What haunts me in the time of so much incredible loss COVID-19 and the widespread anonymity of that loss, is that it was believed that keening was not just cathartic for the grievers, but also a responsibility on behalf of the dead. Gavin writes, “many believed the act of keening enabled the deceased soul to leave the body, and that keening was required, thus giving the role huge importance.” Anam-Áire was told by her elders that the final breath sound by each keening woman was like the soul of the dead leaving, the keening itself helping to give permission for the soul to move on from this world.

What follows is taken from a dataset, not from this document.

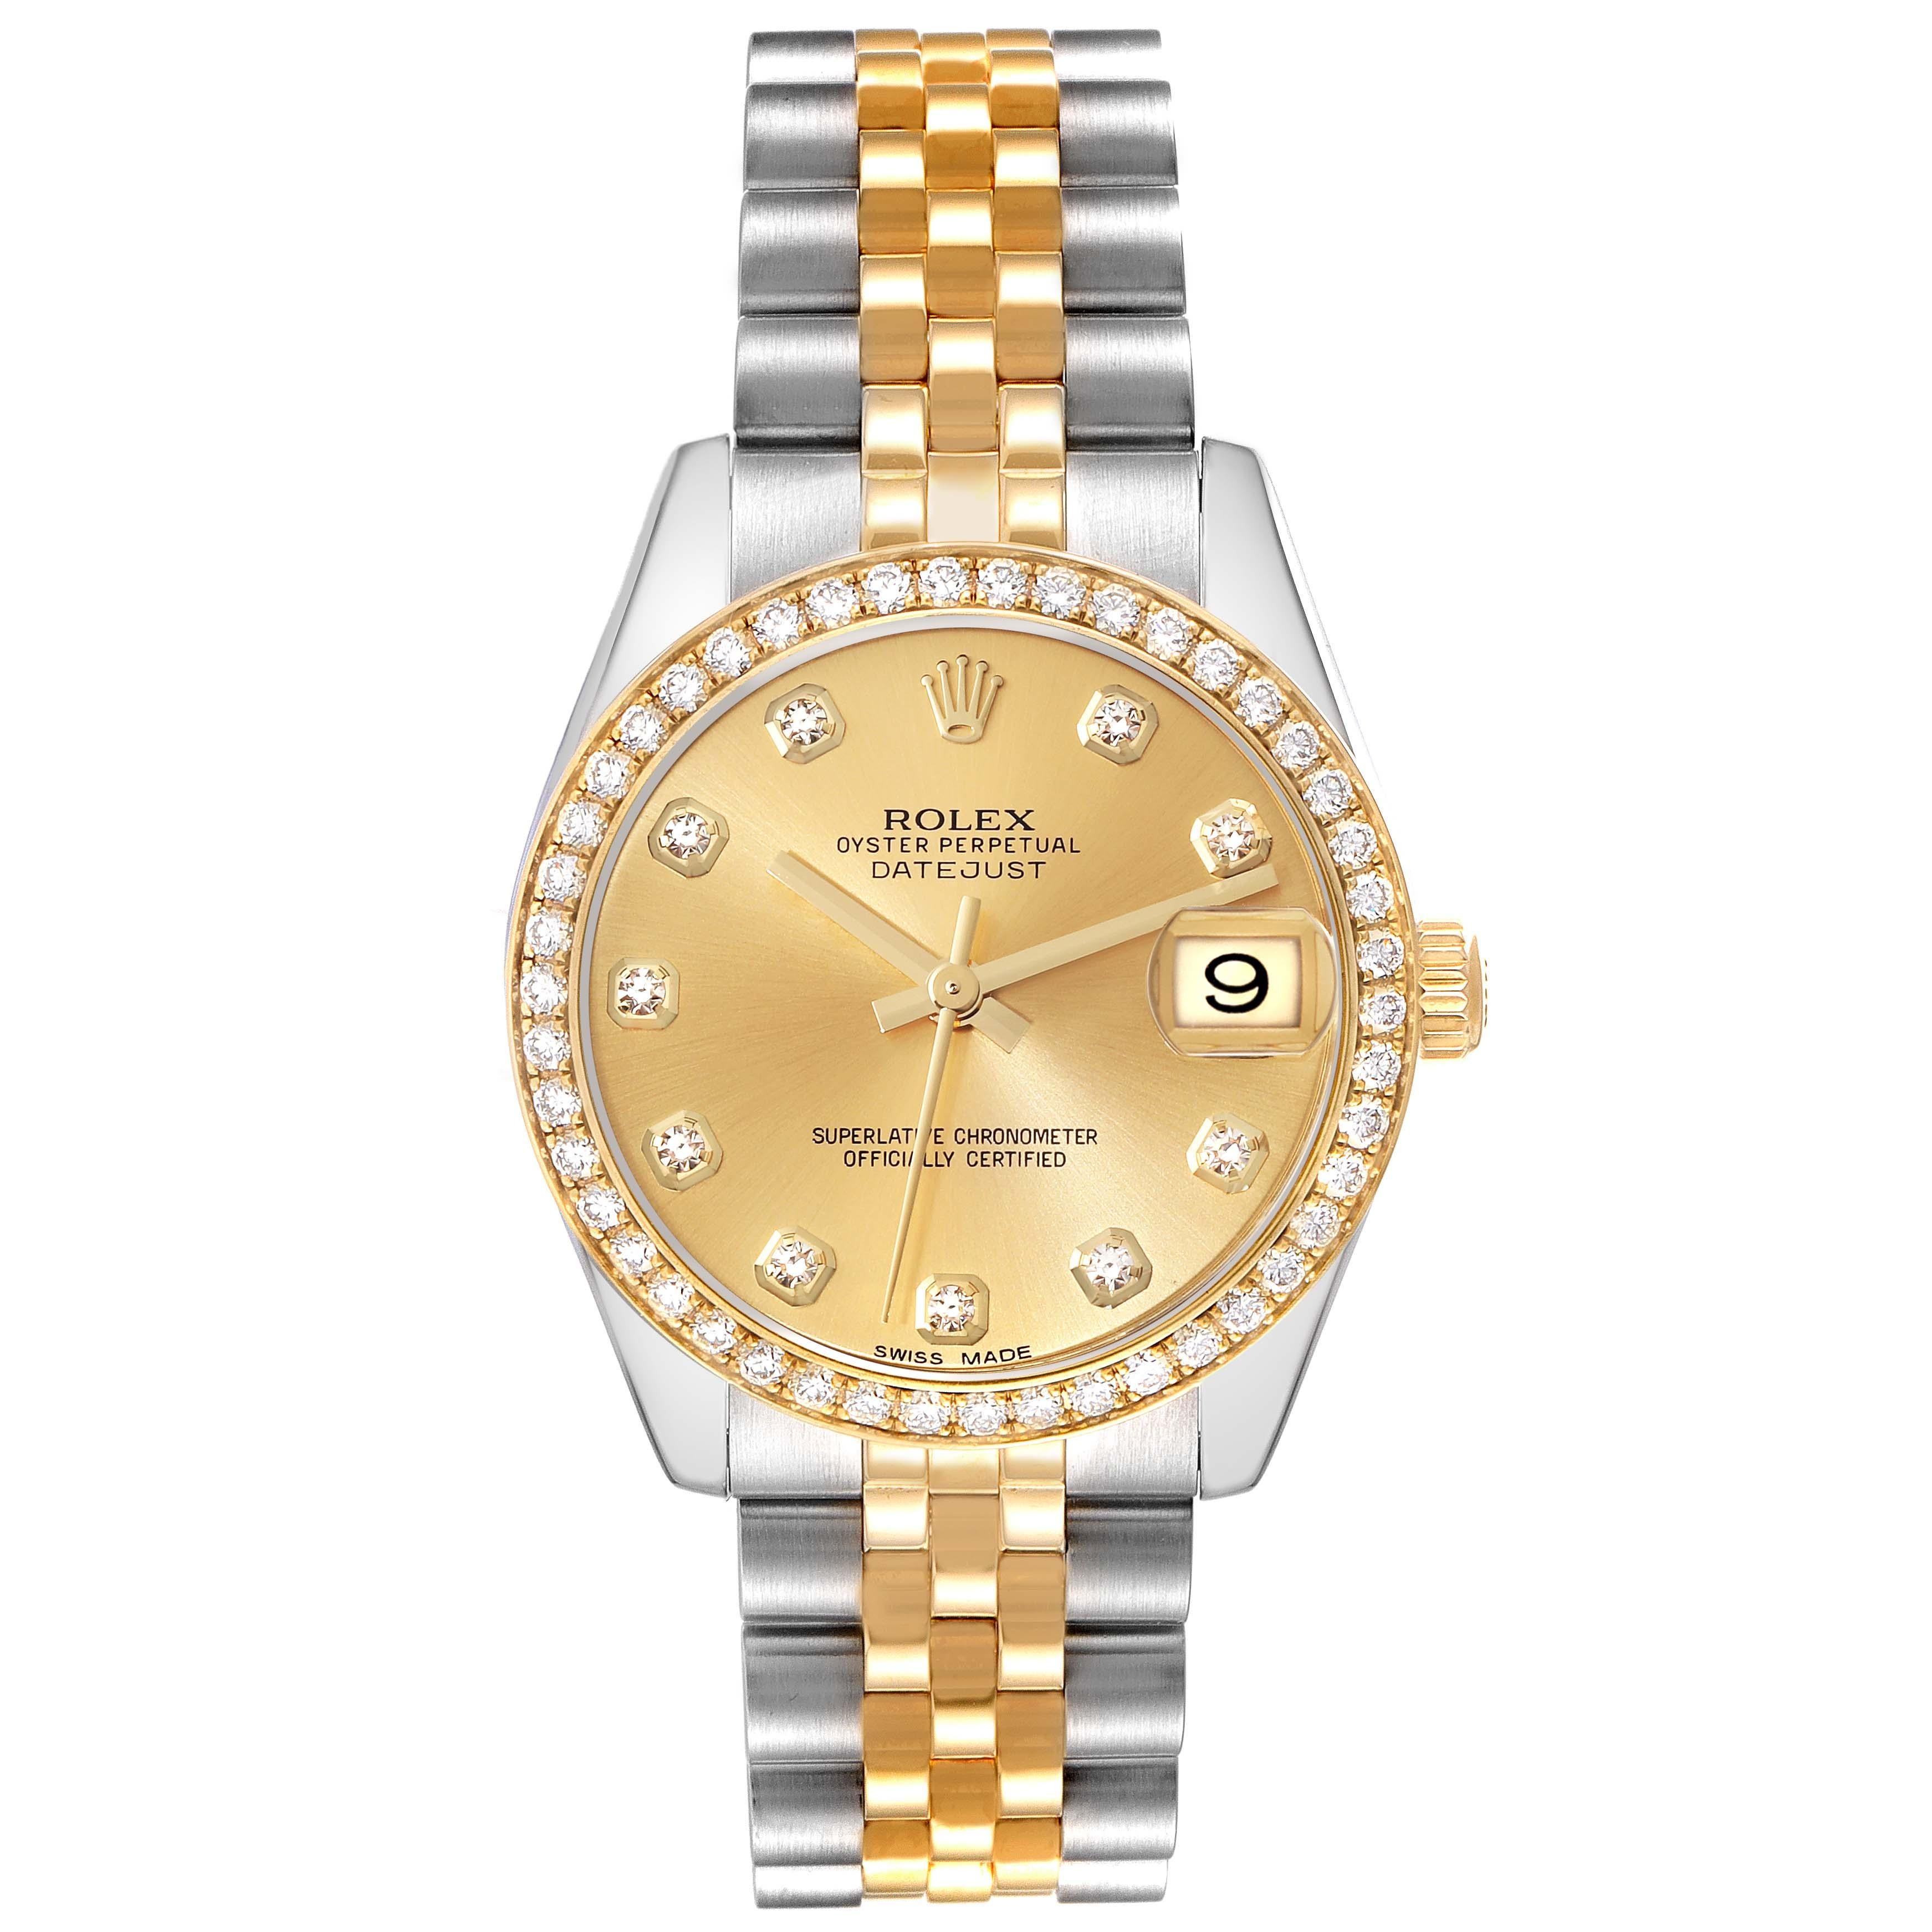 Rolex Datejust 31 Steel Yellow Gold Diamond Ladies Watch 178383 Box Card. Officially certified chronometer self-winding movement. Stainless steel and 18K yellow gold oyster case 31.0 mm in diameter. Rolex logo on a crown. Original Rolex factory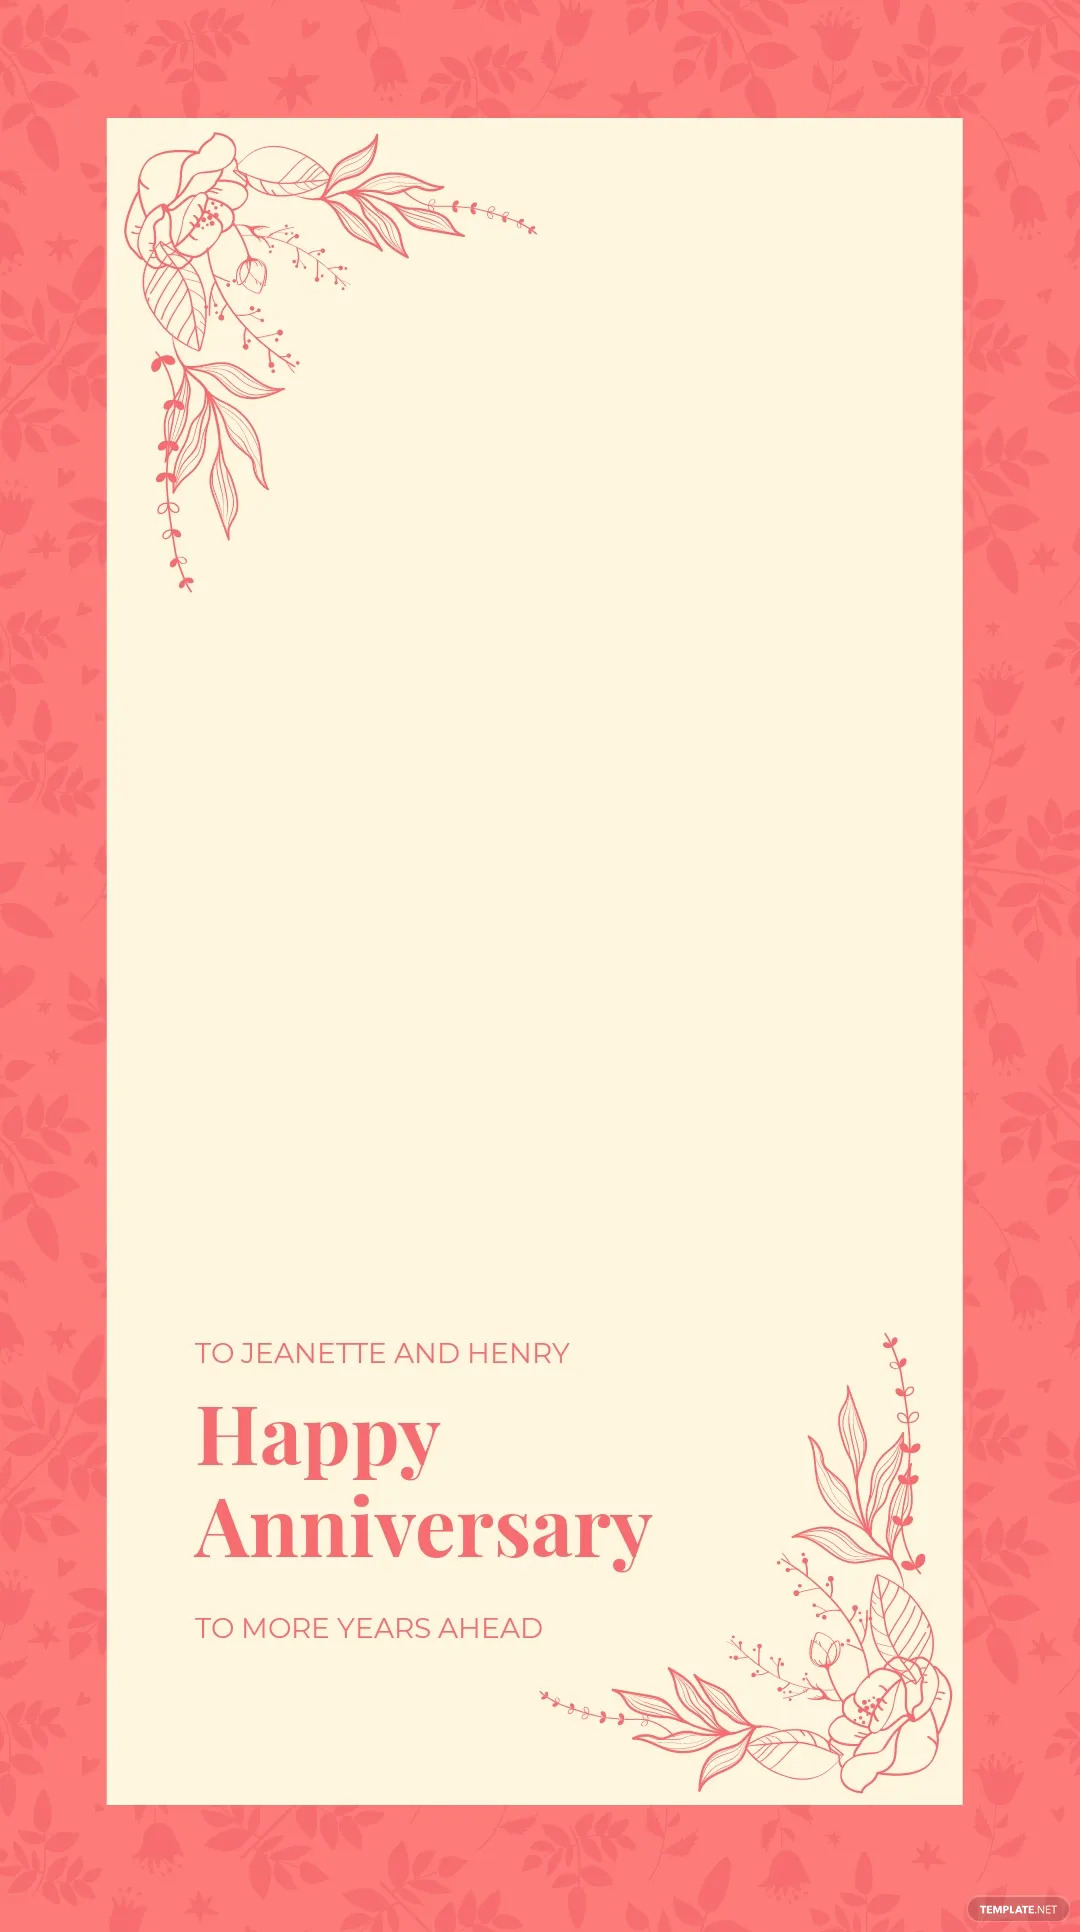 anniversary snapchat geofilter ideas and examples

This is a window into beliefs about death that may be strange for many Christians. But there is immense wisdom in keening and in other similar vocal expressions of grief. Mariín Prechtel, formerly a shaman in the village of Santiago Atitlán in Guatemala, claims that “Grief expressed out loud, whether in or out of character, unchoreographed and honest, for someone we have lost, or a country or home we have lost, is in itself the greatest praise we could ever give them.”[iii]
In the Tzʼutujil understanding of death explained by Prechtel, the souls of the dead become helpful ancestors only when they are thoroughly grieved as such: loudly and completely, personally and communally. The extraordinary pain of loss, is at its purest an expression of love, praise for life itself and the divine. In this view, it’s the screaming, moaning, weeping, of grief – like with the keening song – that helps create the spiritual force that helps the dead in their journey to the otherworld of the ancestors. If they are not properly grieved, the one lost could become a ghost, looming destructively in the family’s, and possibly even the whole community’s, lineage for generations, showing up in the form of addiction, despair, and hopelessness. “Grief has a sound, and it goes to the core,” Prechtel writes. Mourning is a form of love, and of protection for future generations.[iv]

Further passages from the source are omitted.